The U.S. Department of Justice had filed an amicus brief in 2017 contending that the Congressional intent of Title VII did not include sexuality.
“The essential element of sex discrimination under Title VII is that employees of one sex must be treated worse that similarly situated employees of the other sex, and sexual orientation discrimination simply does not have that effect,” it wrote. “Congress has made clear through its actions and inactions in this area that Title VII’s prohibition of sex discrimination does not encompass sexual orientation discrimination.”
HARRIS FUNERAL HOMES V. EEOC
Another case that the U.S. Supreme Court accepted on Monday is R.G. & G.R. Harris Funeral Homes v. Equal Employment Opportunity Commission, which had been appealed by the religious liberties organization Alliance Defending Freedom (ADF).
As previously reported, Anthony Stephens, who now goes by the name Aimee Stephens, was hired as the funeral director and embalmer for RG & GR Harris Funeral Homes in 2007. In 2013, Stephens informed his employer that he had been diagnosed with gender dysphoria and would therefore desire to wear a woman’s suit for work.
Owner Thomas Rost, who identifies as a Christian and serves on the board of directors for Salvation Army of Metro Detroit, has a company dress code in place, which states that males must wear dark suits and white shirts.
Because Stephens sought to wear female clothing, which is a violation of the dress code, and because Rost did not feel comfortable with providing a skirt suit due to his Christian convictions, Stephens was let go.
He consequently took the matter to the federal Equal Employment Opportunity Commission (EEOC), which sued Rost with the aid of the ACLU in alleging gender discrimination.
“R.G. employees understand that the dress code requires funeral directors to wear company-provided suits,” attorneys for Rost outlined in a legal brief. “Rost sincerely believes that he would be violating God’s commands if he were to pay for or otherwise permit one of RG’s funeral directors to wear the uniform for members of the opposite sex while at work.”
In August 2016, U.S. District Judge Sean Cox sided with the funeral home and dismissed the EEOC’s legal challenge.
“The court finds that the funeral home has met its initial burden of showing that enforcement of Title VII, and the body of sex-stereotyping case law that has developed under it, would impose a substantial burden on its ability to conduct business in accordance with its sincerely-held religious beliefs,” he wrote.

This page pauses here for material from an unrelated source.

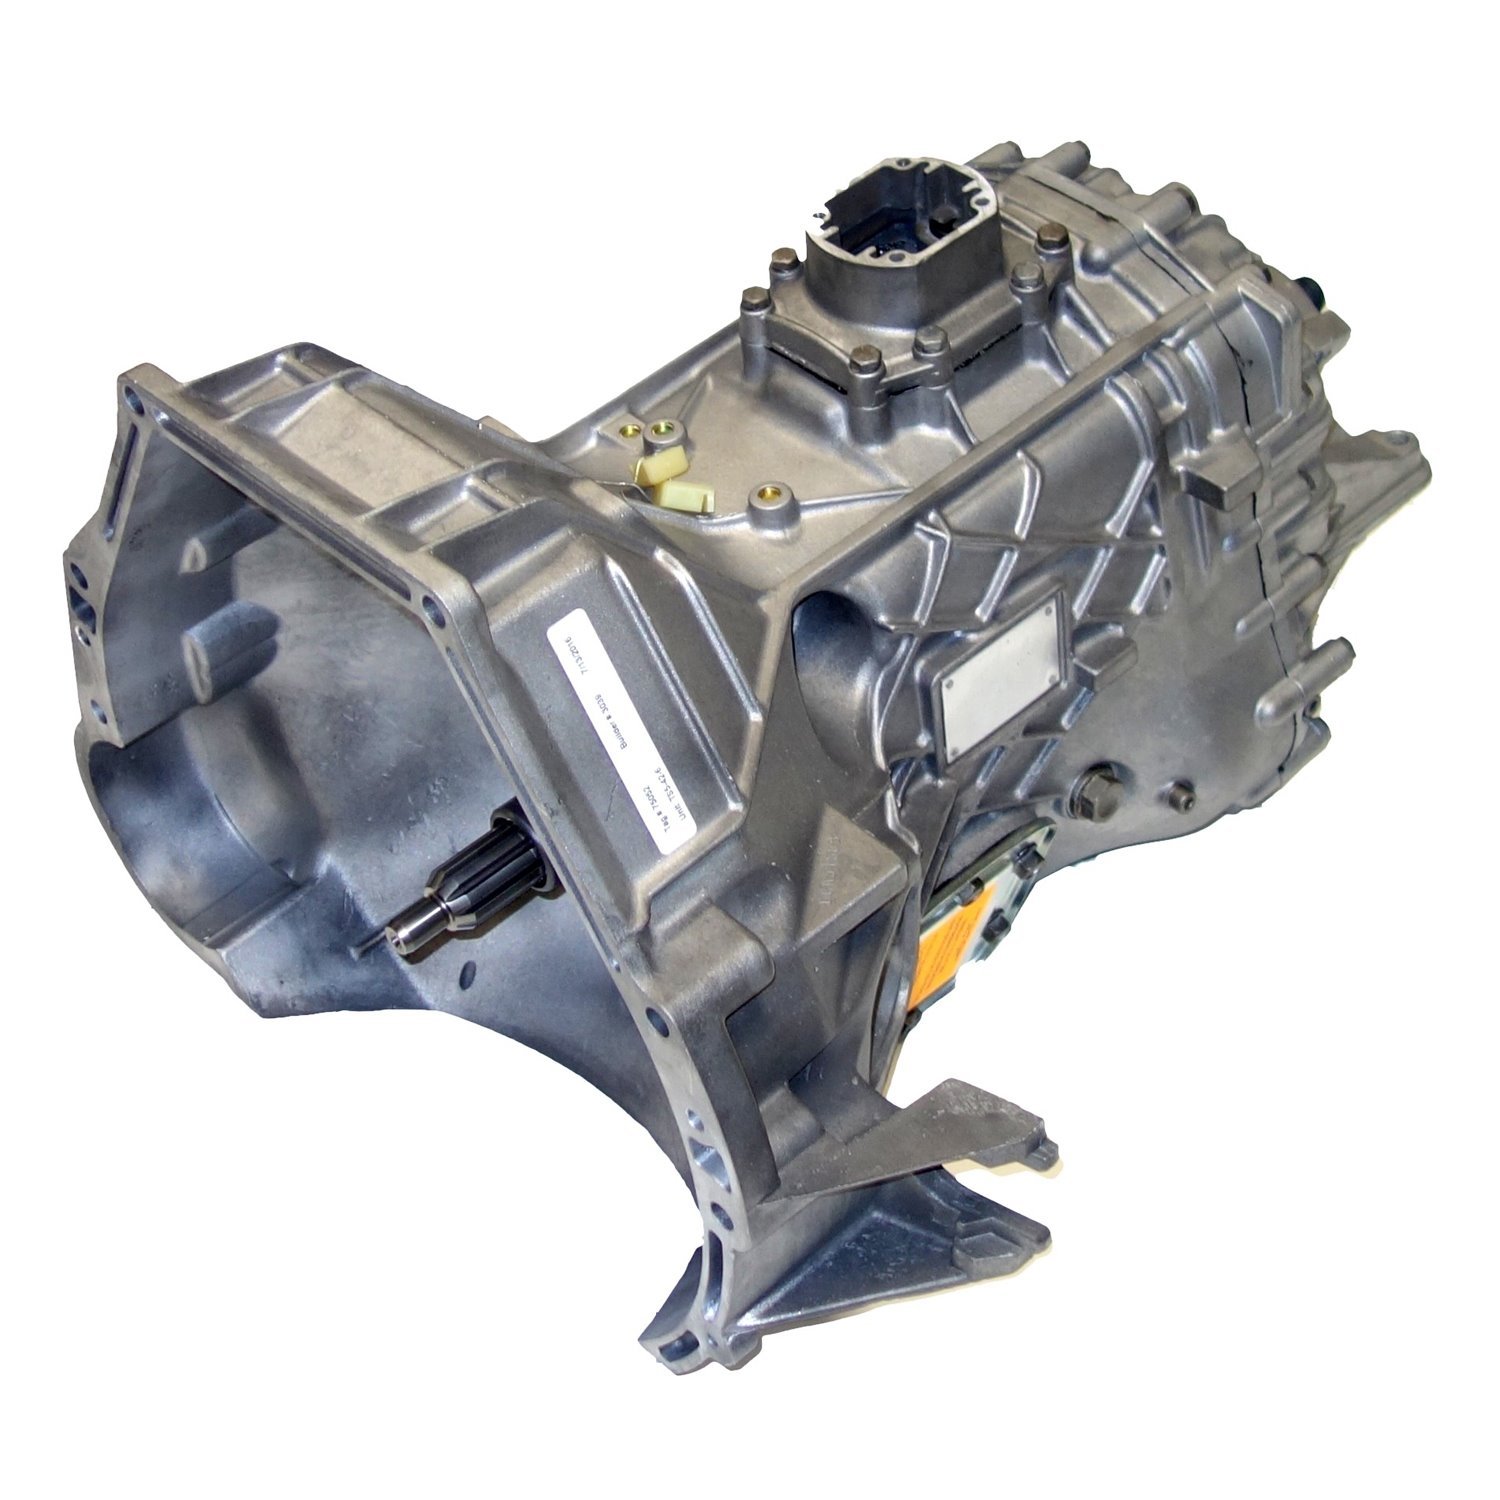 Remanufactured S5-42 Manual Transmission for Ford 87-92 F-series 6.9L & 7.3L, 5 Speed

However, the Sixth Circuit Court of Appeals disagreed with Cox’s ruling and overturned the decision the following year.
“Discrimination against employees, either because of their failure to conform to sex stereotypes or their transgender and transitioning status, is illegal under Title VII. The unrefuted facts show that the funeral home fired Stephens because [he] refused to abide by [his] employer’s stereotypical conception of [his] sex, and therefore the EEOC is entitled to summary judgment as to its unlawful-termination claim,” wrote Judge Karen Nelson Moore on behalf of the unanimous panel.
The nation’s highest court will now analyze these two cases, as well as one involving a county child welfare services employee in Georgia, and consider whether “sexual orientation” and “sex stereotyping” can be read into the law’s prohibition against discrimination on the basis of sex.
The definition of “sex” under Title VII states that “[t]he terms ‘because of sex’ or ‘on the basis of sex’ include, but are not limited to, because of or on the basis of pregnancy, childbirth, or related medical conditions” and that pregnant women “shall be treated the same for all employment-related purposes …”
“Neither government agencies nor the courts have authority to rewrite federal law by replacing ‘sex’ with ‘gender identity’ — a change with widespread consequences for everyone,” ADF Senior Counsel John Bursch remarked in a statement.